I'm not saying they were not good choices at all. In fact I have a 300 Winchester Magnum sitting in my safe. The point I was trying to make was that even after one chooses a caliber, cartridge choice can still be confusing. And you need to pay attention to what you get, and the ammunition you shoot. There are many stories of inattentive people firing 7mm Express (or Mauser, 7-08 etc) ammo in their 7mm Mags because they all say 7mm. Or store clerks selling 300 Winchesters to the guy with the Savage 99. 
There are plenty of great choices in the 7mm calibers.

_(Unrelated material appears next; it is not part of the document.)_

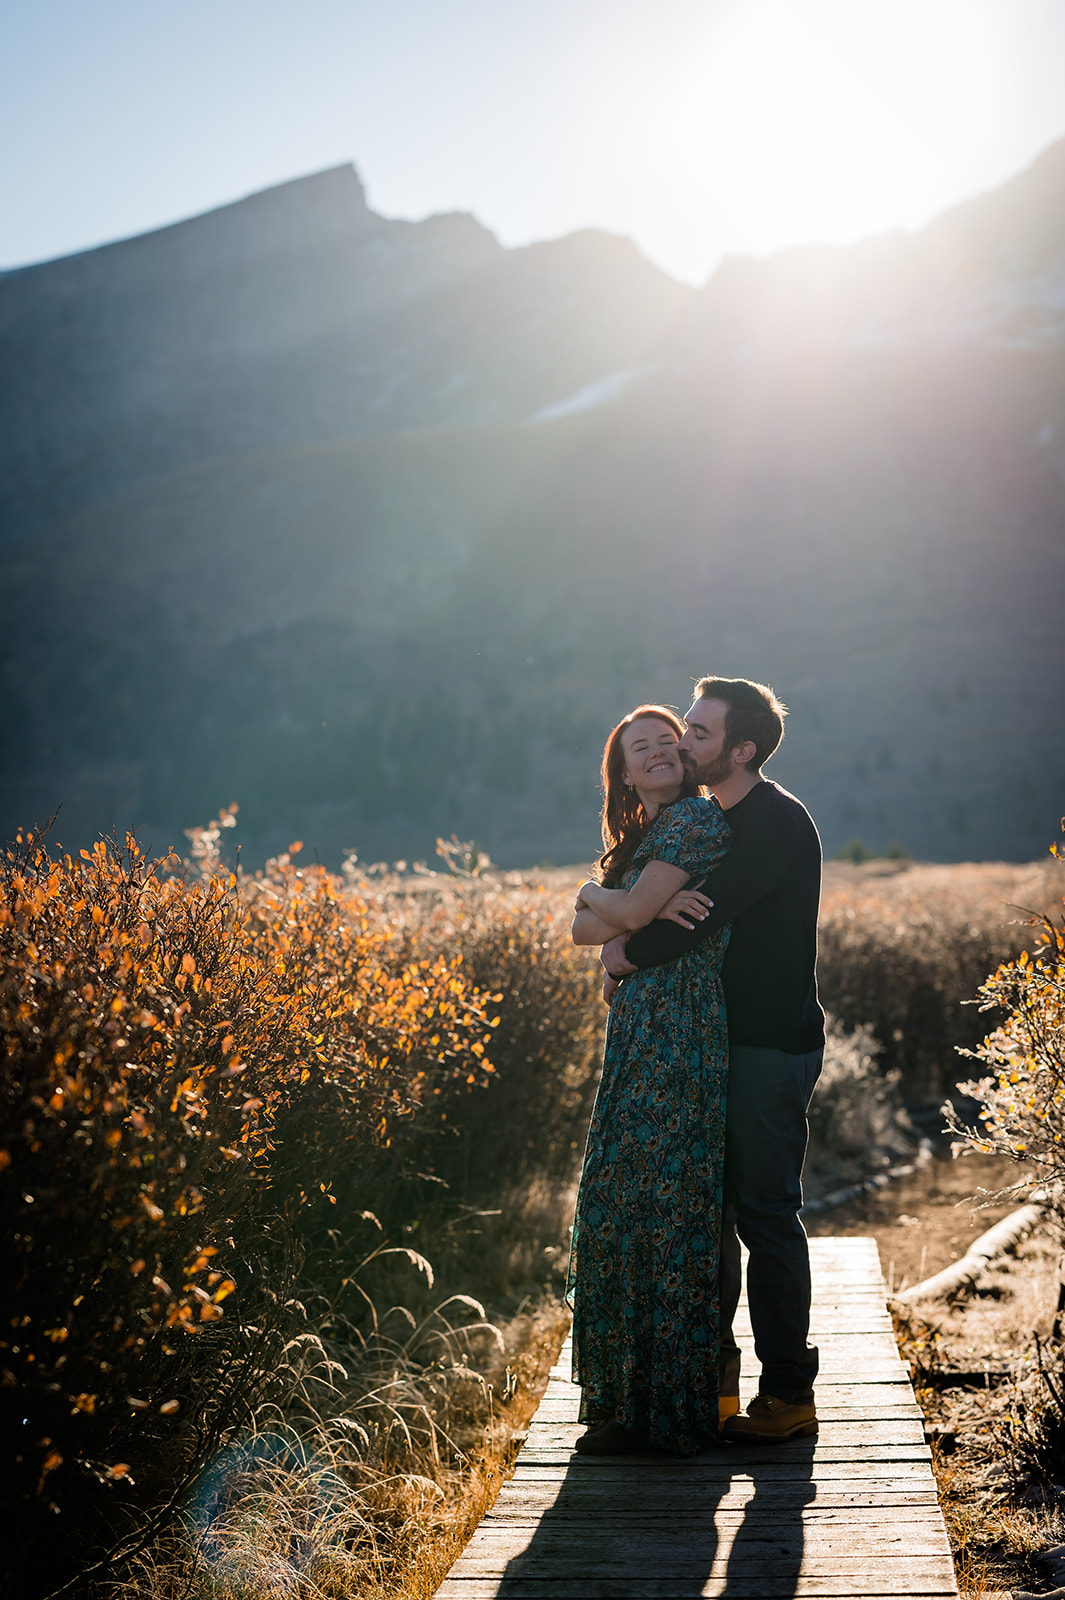 The sun shines over Guanella Pass for the first light of day at this adventure engagement session

Deuce had narrowed his choices to that caliber, I just threw out a few cartridges for him to pick from. You suggested the 30 caliber to lessen the confusion of which cartridge to choose. I was just pointing out that there are even more choices with the 30 that even the 7mm caliber.


----------



## BPturkeys (Sep 13, 2007)

Loke said:


> ...And you need to pay attention to what you get, and the ammunition you shoot.


Yup, yup and double yup...people need to know *exactly what ammo they are stuffing in their gun.*
Sometimes not only can the caliber be confusing but the actual appearance can lead to mistakes. I would dare say over the years there has been more .270win fired in a .30-06 than any other mistake out there and they are not the same caliber.
The proliferation of new cartridges in all calibers has led to much confusion and mistakes can only be eliminated by the very careful inspection of the ammo you use before you put it in your gun.


----------